Archiv für den Monat: Januar 2017

Brahmi

Brahmi

Bacopa monniera, Kleines Fettblatt, Nabelkraut, Feenkraut

Brahmi wächst in feuchten und warmen Teilen der Welt. Es ist eine flach kriechende Pflanze. An den Knoten bildet sie neue Wurzeln. Die Blüten sind zart weiß.

Brahmi liebt feuchte, sumpfige Böden oder wächst gar ganz im Wasser, vor allem in Stauwasser. Deswegen wird es auch auf Reisfeldern angebaut. Es ist in ganz Indien zu finden und kann ganzjährig geerntet werden.

Als Topfpflanze für hiesigen Hausgebrauch ist sie bei hohem Wasserbedarf geeignet.

Die Pflanze wird im indigenen System, des traditionellen Ayurveda, als Medizin verwendet.

Ayurvedische Medikamente sind in Deutschland nicht als Medikamente anerkannt, sondern gelten als Nahrungsergänzungsmittel.. Trotzdem sollten Sie Brahmi ernst nehmen und sich bei Einnahme von einem ayurvedisch ausgebildeten Arzt beraten lassen.

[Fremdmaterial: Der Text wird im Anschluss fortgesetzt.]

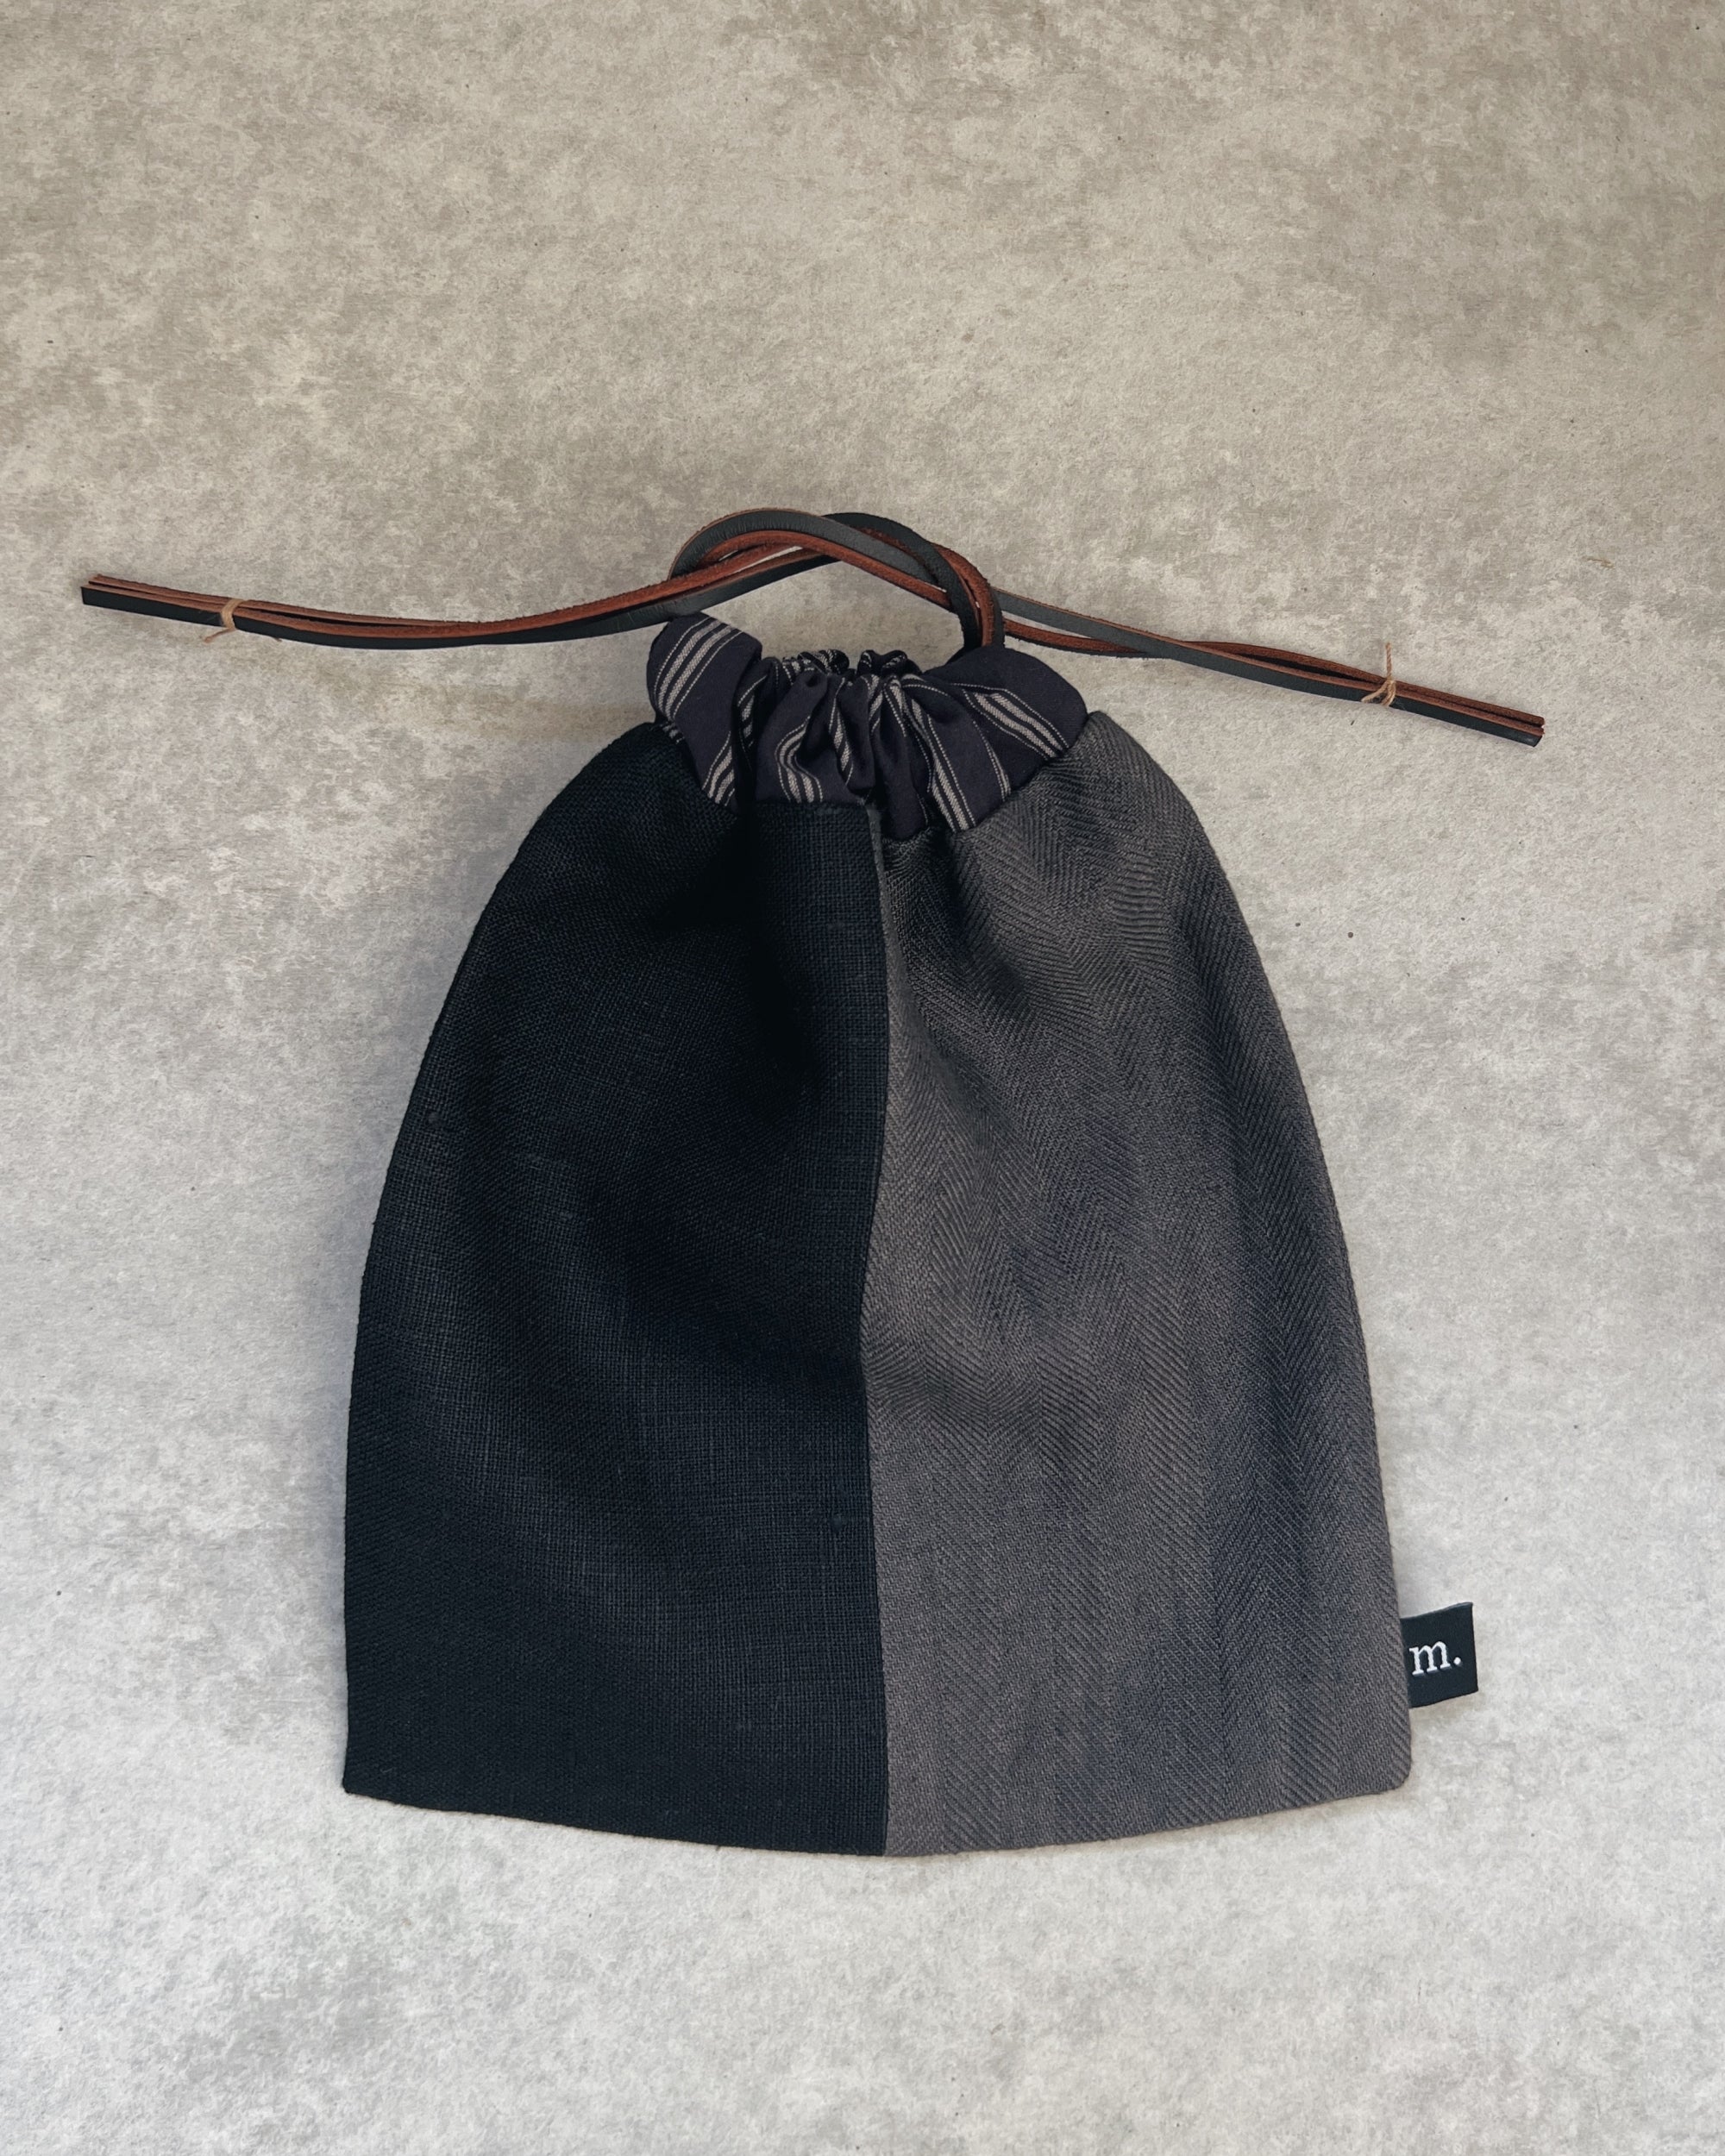 kit bag with leather drawstring

Brahmi kann Nebenwirkungen und Wechselwirkungen mit Medikamenten haben.Ein Gehirn zur Veranschaulichmachung von Brahmi als Gedächtnispflanze

Im traditionellen Ayurveda wird Brahmi verwendet

  • um die Gedächtnisleistung und die Vitalität zu erhöhen
  • bei Konzentrationsschwäche
  • Hyperaktivität und Aufmerksamkeitsmangel
  • als Diuretikum und zur Behandlung von Rheuma und Asthma
  • bei Heiserkeit, Husten, Fieber
  • Diabetis (es aktiviert Pankreas)
  • bei Alzheimer
  • bei Demenz

Brahmi wird auch durch den Wirkstoff Saponin eine wachstumsfördernde Wirkung zugeschrieben

Brahmi ist in Tablettenform als Extrakt, in Kapseln und als Pulver zu haben.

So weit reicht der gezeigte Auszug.